Wednesday, February 19, 2014

Deemed transfer of property in development agreements if right to sell a few flats was transferred to builders

Where assessee had entered into development agreement under which developer had constructed a building on property of assessee and, in turn, developer had right to sell some of the flats, grant of development right to that extent was to be treated as transfer.
Facts:
a) The assessee entered into a development agreement with the developer under which the developer agreed to construct a building on property of assessee. The major part of the building was to be transferred to the assessee. However, the developer was entitled to sell the remaining flats.
b) The Assessing Officer (‘AO’) held that capital gain arose on account of grant of development rights by the assessee. The alternate contention of assessee was that he was entitled to sec. 54 relief in respect of three floors of building.
c) The AO party allowed assessee’s claim of exemption under section 54 in respect of one residential floor. On appeal, the CIT (A) upheld the order of the AO as regards the transfer of property, however, he partly allowed the exemption claimed by the assessee under section 54.
The Tribunal held as under:
1)  The developer had the right to sell the said flats on account of the additional FSI. To that extent the rights, title and interest in the said plot of land had been transferred. Hence, it was a clear case of transfer envisaged both under the income-tax  Act and Transfer of Property Act;
2)  The High Court of Delhi in the case of CIT v. Gita Duggal [2013] 30 taxmann.com 230  held the fact that residential house consisted of several independent units couldn’t be permitted to act as an impediment to allow the deduction under section 54;
3)  In the case of CIT v. D. Anand Basappa [2009] 180 Taxman 4 (Kar.), the High Court has held that 'a residential house' as mentioned in section 54(1), had to be understood in a sense that the building had to be of a residential nature and the word 'a' had not be understood to indicate a singular number;

4) Therefore, the assessee was entitled to exemption under section 54 as regards the investments/cost of construction claimed by the assessee in respect of all the flats. – Dy. CIT v. Jai Trikanand Rao [2014] 41 taxmann.com 453 (Mumbai - Trib.)

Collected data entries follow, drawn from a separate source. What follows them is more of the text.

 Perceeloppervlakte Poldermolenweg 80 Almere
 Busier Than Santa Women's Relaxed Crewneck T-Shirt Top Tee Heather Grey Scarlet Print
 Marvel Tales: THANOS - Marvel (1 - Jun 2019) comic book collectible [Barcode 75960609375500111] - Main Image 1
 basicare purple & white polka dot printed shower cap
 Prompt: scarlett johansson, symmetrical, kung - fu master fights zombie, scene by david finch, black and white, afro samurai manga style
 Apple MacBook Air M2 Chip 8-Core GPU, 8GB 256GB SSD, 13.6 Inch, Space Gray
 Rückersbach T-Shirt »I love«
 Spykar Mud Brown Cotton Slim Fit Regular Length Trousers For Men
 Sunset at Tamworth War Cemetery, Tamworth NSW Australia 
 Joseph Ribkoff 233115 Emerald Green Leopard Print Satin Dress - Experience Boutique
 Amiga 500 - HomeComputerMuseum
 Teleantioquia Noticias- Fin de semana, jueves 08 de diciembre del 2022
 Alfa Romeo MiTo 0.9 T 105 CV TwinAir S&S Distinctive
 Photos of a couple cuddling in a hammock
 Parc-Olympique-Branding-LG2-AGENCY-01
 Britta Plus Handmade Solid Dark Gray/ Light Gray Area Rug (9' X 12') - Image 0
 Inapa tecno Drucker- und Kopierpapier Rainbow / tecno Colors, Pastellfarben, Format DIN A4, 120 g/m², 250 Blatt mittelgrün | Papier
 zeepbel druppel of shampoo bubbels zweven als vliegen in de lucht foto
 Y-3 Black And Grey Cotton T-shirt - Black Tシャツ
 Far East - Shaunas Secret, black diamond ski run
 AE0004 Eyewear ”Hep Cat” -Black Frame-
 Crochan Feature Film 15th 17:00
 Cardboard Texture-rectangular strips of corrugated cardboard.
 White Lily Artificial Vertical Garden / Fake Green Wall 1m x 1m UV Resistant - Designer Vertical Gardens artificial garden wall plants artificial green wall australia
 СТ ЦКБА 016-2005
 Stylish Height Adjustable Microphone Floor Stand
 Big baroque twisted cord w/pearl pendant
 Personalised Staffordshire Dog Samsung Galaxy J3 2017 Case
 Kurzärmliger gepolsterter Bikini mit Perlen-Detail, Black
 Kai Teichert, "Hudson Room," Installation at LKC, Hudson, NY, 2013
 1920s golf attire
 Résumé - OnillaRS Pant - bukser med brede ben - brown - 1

Tuesday, February 18, 2014

Highlights of Interim Budget 2014-15: excise duty reduced on cars and mobiles, FM focuses on passing of GST and DTC

Key Features of Interim Budget 2014-2015
1)  GST and DTC: All political parties must resolve to pass the GST Laws and the DTC in 2014-15;
2)  Research funding organization: Proposal to set-up research Funding Orgnaisation that will fund Research. Contribution to that organisation will be eligible for tax benefits;
3) Change in rate of taxes:
a)  Excise duty on small Cars, Motorcycle, Scooters and Commercial Vehicles reduced from 12% to 8%.
b)  Excise duty on SUVs reduced from 30% to 24%.
c)  Excise duty on large and mid-segment cars reduced from 27/20% to 24/20%.
d)  Excise duty on chassis and trailors reduced.
e)  The excise duties on all mobile handsets have been restructured. The rates will be 6% with CENVAT credit or 1 percent without CENVAT credit.
f)  To encourage domestic production of specified road construction machinery, the exemption from CVD on similar imported machinery is withdrawn.
g)  A concessional custom duty of 5 percent on capital goods imported by the ‘Bank Note Paper Mill India Private Limited’ is provided for to encourage domestic production of security paper for printing of currency notes.
4) Service tax exemptions:
a)  The loading and un-loading, packing, storage and warehousing of rice have been exempted from service tax;

b)  The services provided by cord blood banks are exempted from service tax.